Moreover, experiments were performed to investigate the relevance of LIGHT-induced LTβR expression in the differentiation process. After treatment with STAT3 and STAT5 inhibitor WP1066, the level of induction of LTβR by rhLIGHT was investigated. As a result, the LTβR expression induced by rhLIGHT was significantly reduced (Fig 6C). These results suggest that STAT3 and STAT5 signaling play an essential role in the LTβR expression, and differentiation of hBM-MSC-derived hepatocyte-like cells.
Discussion
The prevalence of liver disease is increasing globally, leading to acute and chronic liver damage, which negatively impacts human health. Liver transplantation is currently the most effective treatment for patients with liver disease [39]. As part of ongoing efforts to improve treatment options, a clinical trial involving allogeneic human hepatocyte transplantation for patients with liver cirrhosis is currently underway in China (Clinical Study of Liver Cell Transplantation for Cirrhosis [National Clinical Trials number: NCT04806581; www.clinicaltrials.gov/ct2/show/NCT04806581]). The primary objectives of this study were to observe and determine the safety and tolerability of allogeneic hepatocyte transplantation in patients with liver cirrhosis, establish the maximum tolerated dose, and evaluate dose-limiting toxicity. A secondary objective was to evaluate the therapeutic efficacy of allogeneic hepatocyte transplantation for liver cirrhosis. However, the identification of a suitable donor for liver transplantation within a limited timeframe can be difficult. In such challenging treatment situations, transplantation of hepatocyte-like cells could be a viable option. Therefore, practical studies on the differentiation of hepatocyte-like cells using various types of stem cells are necessary.
Hepatocyte-like cells can be generated through differentiation from various human PSCs or multipotent stem cells [40]. These include induced PSCs, embryonic stem cells, and multipotent stem cells, such as cord blood stem cells or MSCs obtained from adults. Among these, MSCs are typically isolated from bone marrow (BM-MSCs) [11]. Thus, BM-MSCs were used in this study. Furthermore, MSCs can differentiate into tissues of mesodermal origin, including bone, cartilage, and fat, as well as generate neurons and hepatocytes.
LIGHT (TNFSF14) has three receptors, namely LTβR (TNFRSF3), herpesvirus entry mediator (TNFRSF14, CD270, HVEM), and decoy receptor-3 (DcR3, TNFRSF6B) [26, 27]. Among these, HVEM, another membrane-bound receptor for LIGHT, is expressed in endothelial and immune cells, including dendritic, natural killer, T, and B cells [30, 41]. The interaction between LIGHT and HVEM plays a vital role in immune cell defense against foreign antigens [26]. Upon interaction, LIGHT and HVEM costimulate T cell proliferation and cytokine production [42], induce dendritic cell activation and maturation [43], stimulate immunoglobulin secretion in B cells [44], activate natural killer cells [45], and enhance the bactericidal activity of monocytes and neutrophils [41, 46]. In contrast, LTβR is expressed in fibroblasts, endothelial cells, and stromal cells [28–30]. Moreover, it is also constitutively expressed in hBM-MSCs [20, 31]. However, there is limited research on the interaction between LIGHT and LTβR.

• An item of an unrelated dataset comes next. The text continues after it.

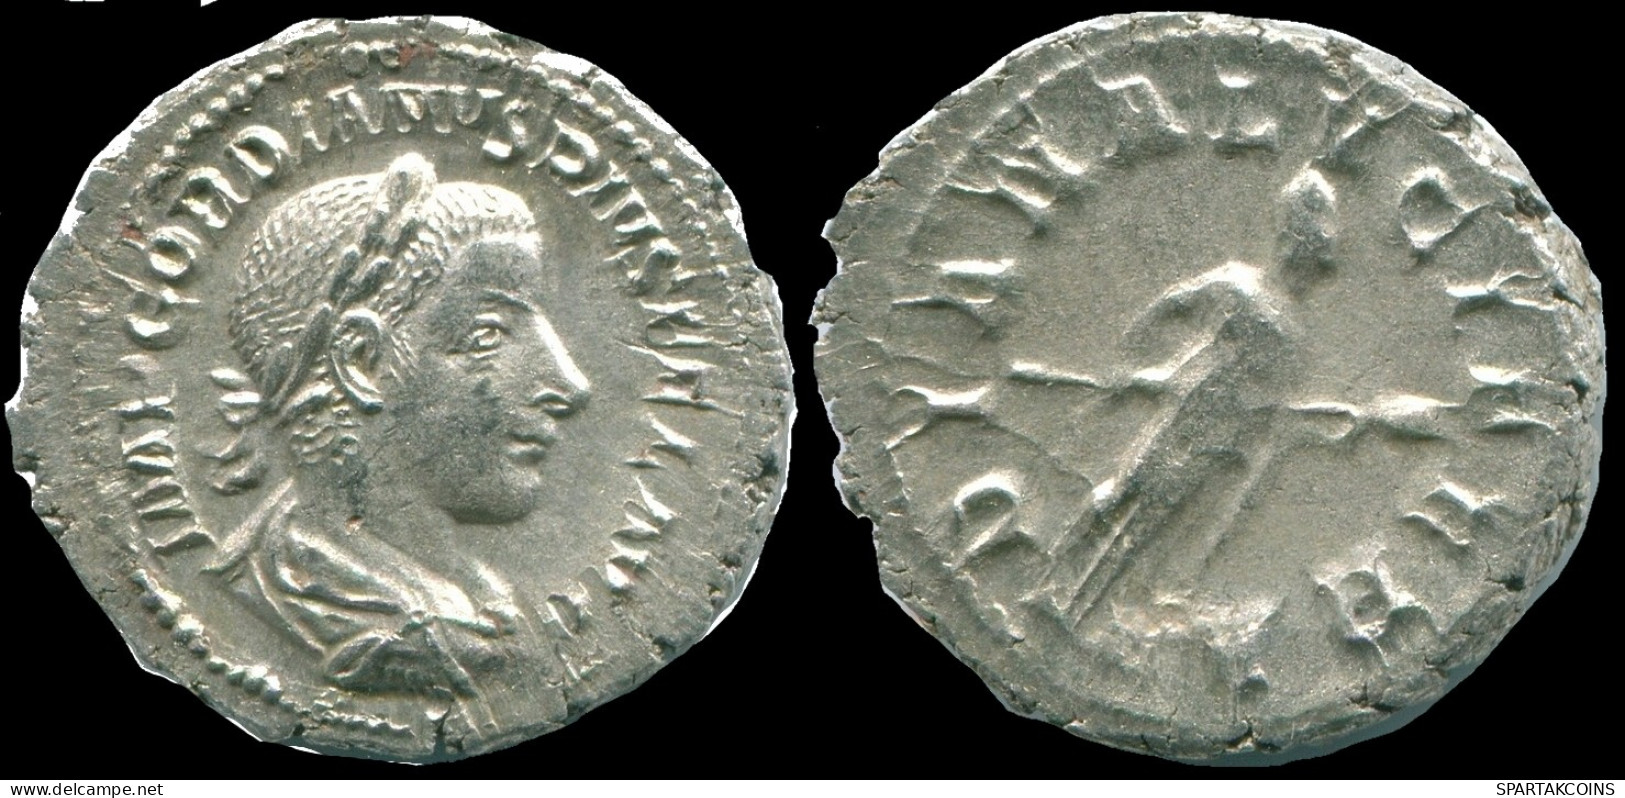 GORDIAN III AR DENARIUS ROME (7TH ISSUE. 1ST OFFICINA) DIANA #ANC13046.84.D.A - The Military Crisis (235 AD Tot 284 AD)

In our previous study, we demonstrated that the interaction between LIGHT and LTβR enhances the survival and proliferation of hBM-MSCs [20]. However, the role of this interaction in the hepatogenic differentiation of hBM-MSCs is poorly understood. Therefore, in this study, we aimed to investigate the effect of LIGHT on the differentiation of hBM-MSCs into functional hepatocyte-like cells.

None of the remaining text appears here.